M. Christian Estrosi, ministre chargé de l'industrie.  - L'aide aux chômeurs créateurs ou repreneurs d'entreprise, gérée par le ministère de l'emploi, consiste en une exonération de cotisations sociales ; 137 000 chômeurs en ont bénéficié l'an passé. Depuis le 1er décembre 2007, les CFE peuvent recevoir les demandes d'exonération de cotisation, qui doivent leur être adressées dans un délai de 45 jours maximum après le dépôt de l'aide elle-même, ce qu'ils sont libres de vérifier en exigeant un récépissé du dépôt de la demande. Après s'être assuré que le dossier est complet, le CFE doit le transmettre à l'Urssaf dans un délai de 24 heures et l'Urssaf statue alors dans un délai d'un mois, conformément au code du travail. Le CFE doit s'assurer que le dossier est complet, qu'il comporte en particulier l'attestation de l'Urssaf ; la procédure est strictement encadrée pour assurer que le demandeur satisfait bien aux conditions d'octroi de l'exonération de charges sociales. Les CFE ne font qu'appliquer les règles, sans ajouter de conditions : tous les dossiers complets sont transmis aux Urssaf.

Mme Anne-Marie Escoffier.  - Vous rappelez les règles générales alors que je vous interrogeais sur le cas de chômeurs qui n'ont pu obtenir à temps certains documents et qui ne peuvent communiquer dans les délais leur dossier complet au CFE. Je vous réinterrogerai par écrit.

Avenir de l'usine First Aquitaine Industrie de Blanquefort

M. Alain Anziani.  - En reprenant l'an passé le site de l'usine Ford de Blanquefort, spécialisée dans la fabrication de boîtes de vitesses automatiques, la société allemande HZ Holding annonçait son intention d'y maintenir la plupart des 1 600 emplois. Depuis, la seule certitude est que Ford va y cesser son activité l'an prochain : les salariés, les sous-traitants et les élus s'inquiètent ! Le repreneur projette d'y produire des pièces d'éoliennes mais il lui faut trouver 50 millions, que les banques rechignent à lui prêter malgré l'intervention répétée de Mme Lagarde et des collectivités locales.

Monsieur le ministre de l'industrie, l'État a déjà fait un effort avec une prime d'un million, ce n'est pas suffisant pour un projet aussi important et qui relève bien de la politique industrielle de notre pays, tout comme du développement durable. Que comptez-vous faire pour inciter les banques à plus d'audace ? Quelles autres pistes pour diversifier la production ?

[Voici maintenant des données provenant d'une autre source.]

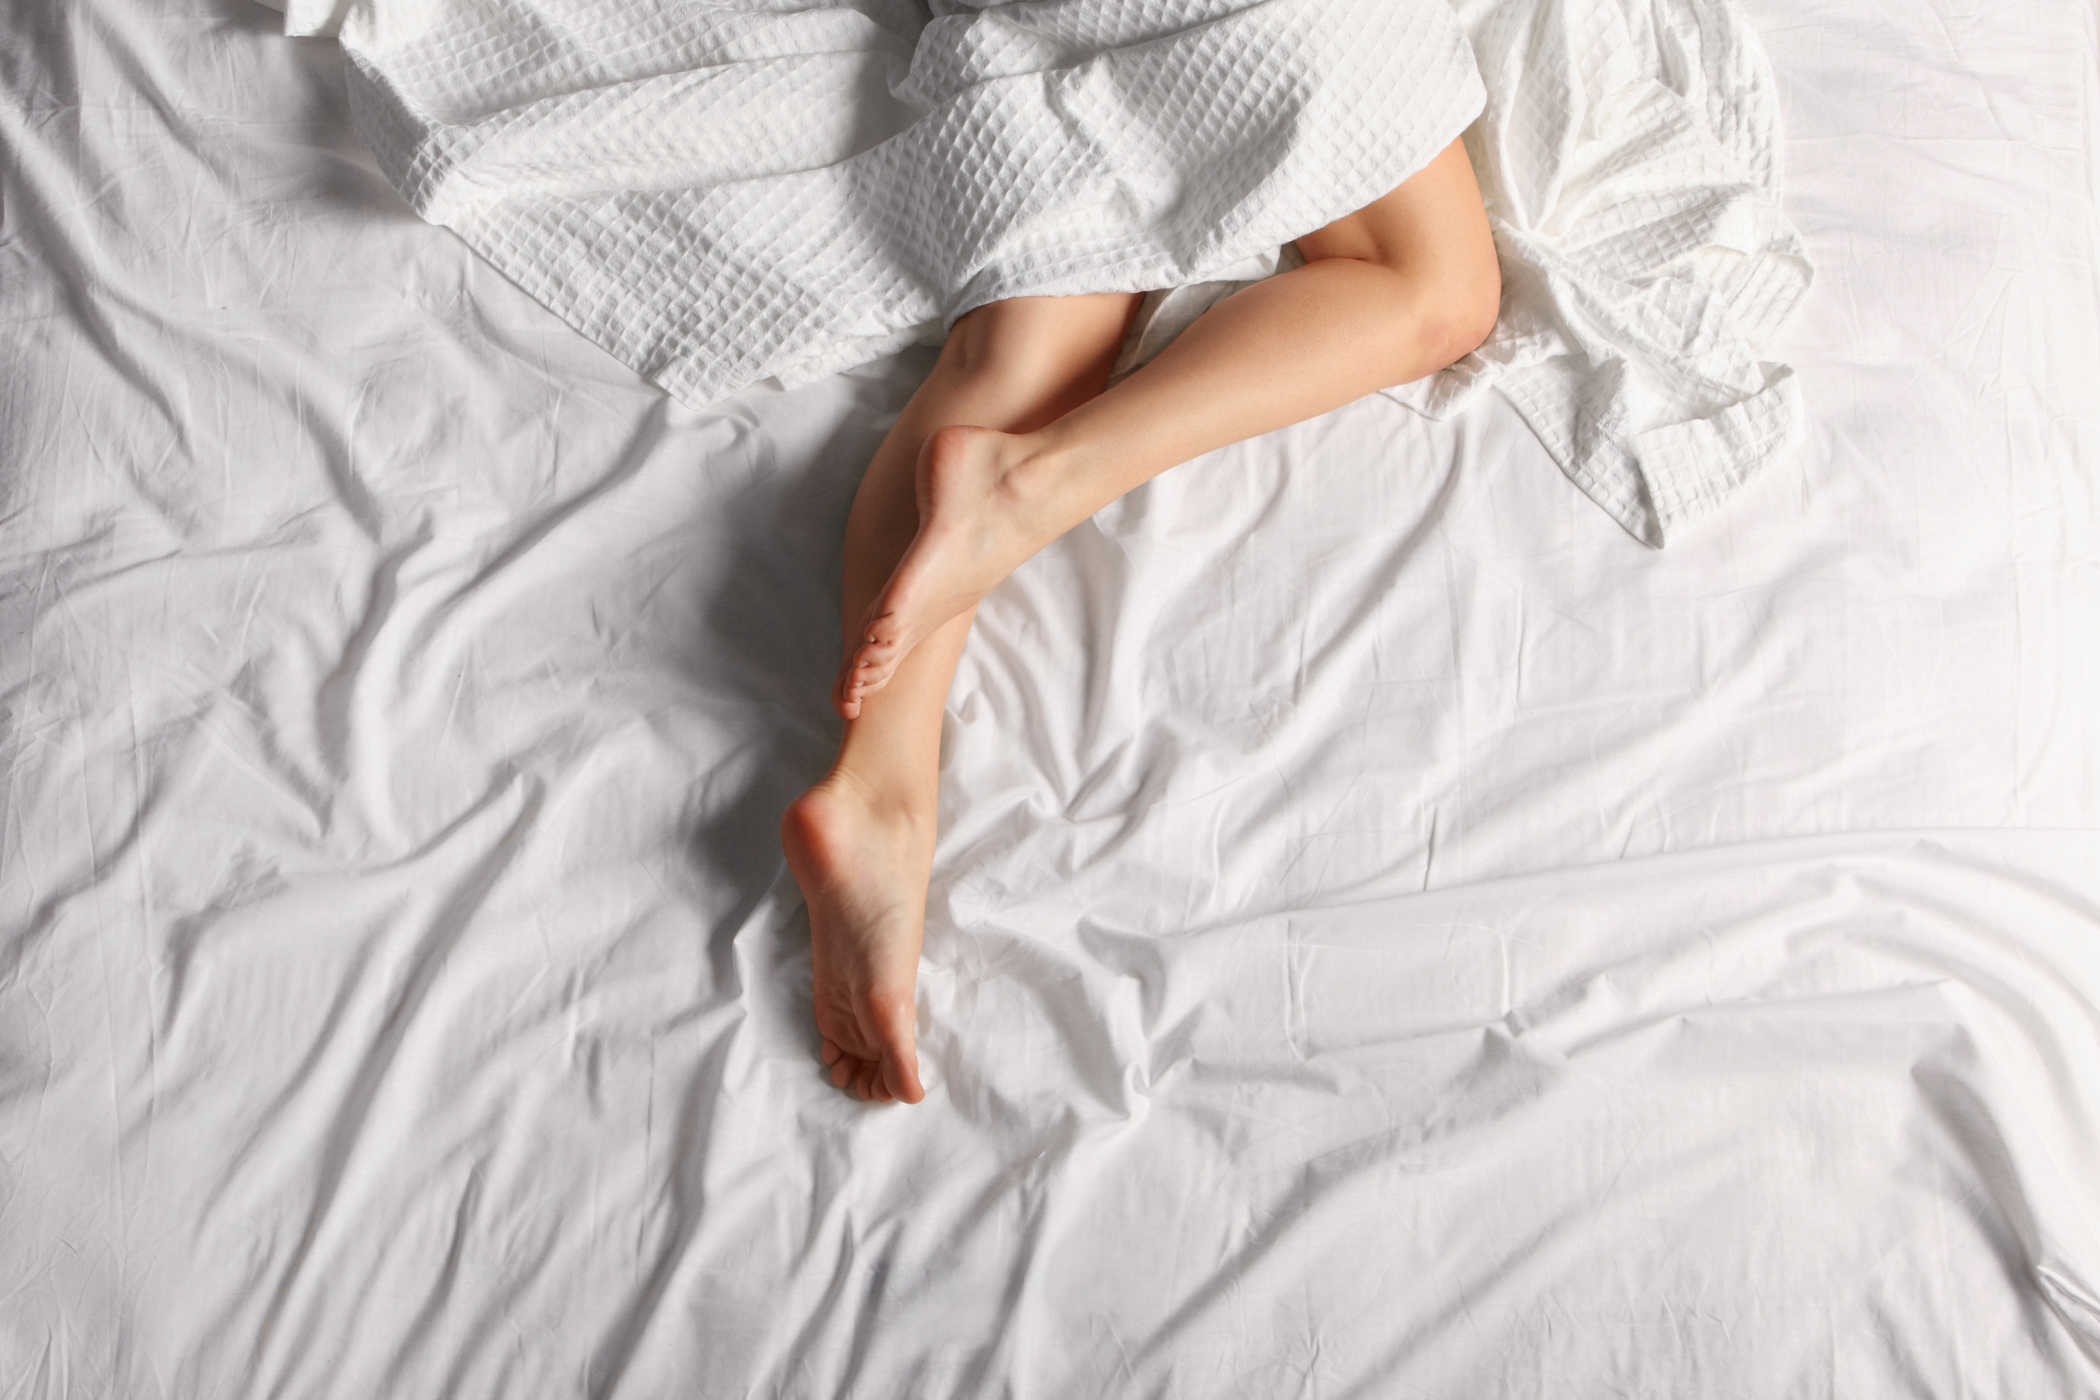 5 فوائد للنوم بدون ملابس داخلية للصحة

M. Christian Estrosi, ministre chargé de l'industrie.  - Le Gouvernement est très attaché à l'avenir du site de Blanquefort et à ses 1 600 salariés, nous ferons tout notre possible pour le maintien de l'activité industrielle. Le 11 février, Mme Lagarde a réuni un comité de suivi où le repreneur a présenté son plan, validé par un cabinet d'audit de renom et qui prévoit l'implantation d'une activité de transmission et de pièces d'éoliennes.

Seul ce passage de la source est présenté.